DSDD. Dictionary of the Southern Dutch dialects. An integrated lexicological infrastructure for the Southern Dutch dialects

Woordenboek van de zuidelijk-Nederlandse dialecten (Weijnen-database). Een geïntegreerde lexicologische infrastructuur voor de zuidelijk-Nederlandse dialecten
Begin - Einde 
2016 - 2016 (lopend)

Tabgroup

Abstract

The research programme is presented by a consortium of 11 linguists, informaticians, digital humanities experts and geographers. It aims at the aggregation and standardization of three comprehensive dialect lexicographic databases, the composition of which took many years: the Dictionary of the Flemish Dialects (WVD, 1972 -), the Dictionary of the Brabantic Dialects (WBD, 1961-2005) and the Dictionary of the Limburgian Dialects (WLD, 1961-2008). The dictionaries document the disappearing dialect vocabulary of the southern Dutch dialects in thematically arranged publications, based on automated databases. They were explicitly set up in parallel, in order to make a future aggregation possible.

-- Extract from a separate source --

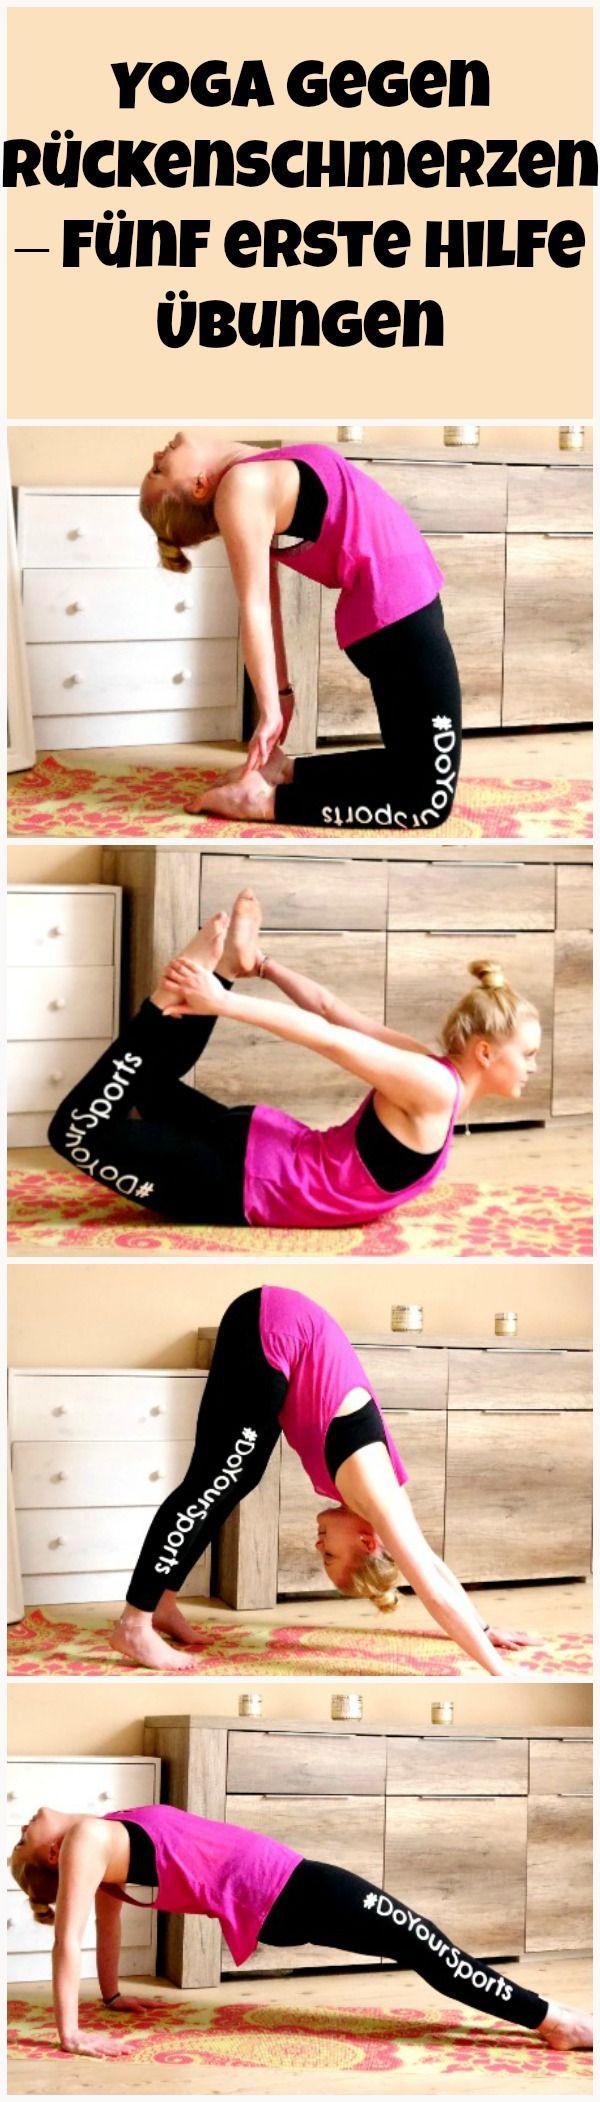 Yoga gegen Rückenschmerzen Teil 1 - Fünf erste Hilfe Übungen #pilatesposes

The dictionaries were composed over a very long period of time, at different places (Nijmegen, Leuven, Gent) and by different editors, hence a great number of inconsistencies arose over time. In order to compose an aggregated database for the southern Dutch dialects (the DSDD), a number of standardization activities have to be carried out. The DSDD will enable a research programme with new research questions, particularly in the field of quantitative lexicology and geographical analysis.

Het onderzoeksprogramma werd ingediend door een consortium van 11 taalkundigen, informatici en geografen en behelst de samenvoeging en standaardisering van drie grote dialectlexicografische databases, waarvan de samenstelling tientallen jaren heeft gekost: het Woordenboek van de Vlaamse Dialecten (WVD, 1972 -), het Woordenboek van de Brabantse Dialecten(WBD, 1961-2005) en het Woordenboek van de Limburgse Dialecten (WLD, 1961-2008). Samen documenteren ze de goeddeels reeds verdwenen dialectwoordenschat van het zuidelijke Nederlands in thematisch geordende publicaties, die gebaseerd zijn op digitale databases. Ze werden 40 à 50 jaar geleden parallel opgezet, net om een uiteindelijke samenvoeging mogelijk te maken.

De woordenboeken werden over een erg lange periode gemaakt, op verschillende plaatsen (Nijmegen, Leuven en Gent) en door verschillende redacteurs, waardoor een aantal onevenwichten rechtgezet moeten worden om tot een geïntegreerde database voor de zuidelijk-Nederlandse dialecten te komen. De geïntegreerde database maakt een researchprogramma mogelijk met vernieuwende onderzoeksvragen, vooral op het gebied van kwantitatieve lexicologie en geografische analyse.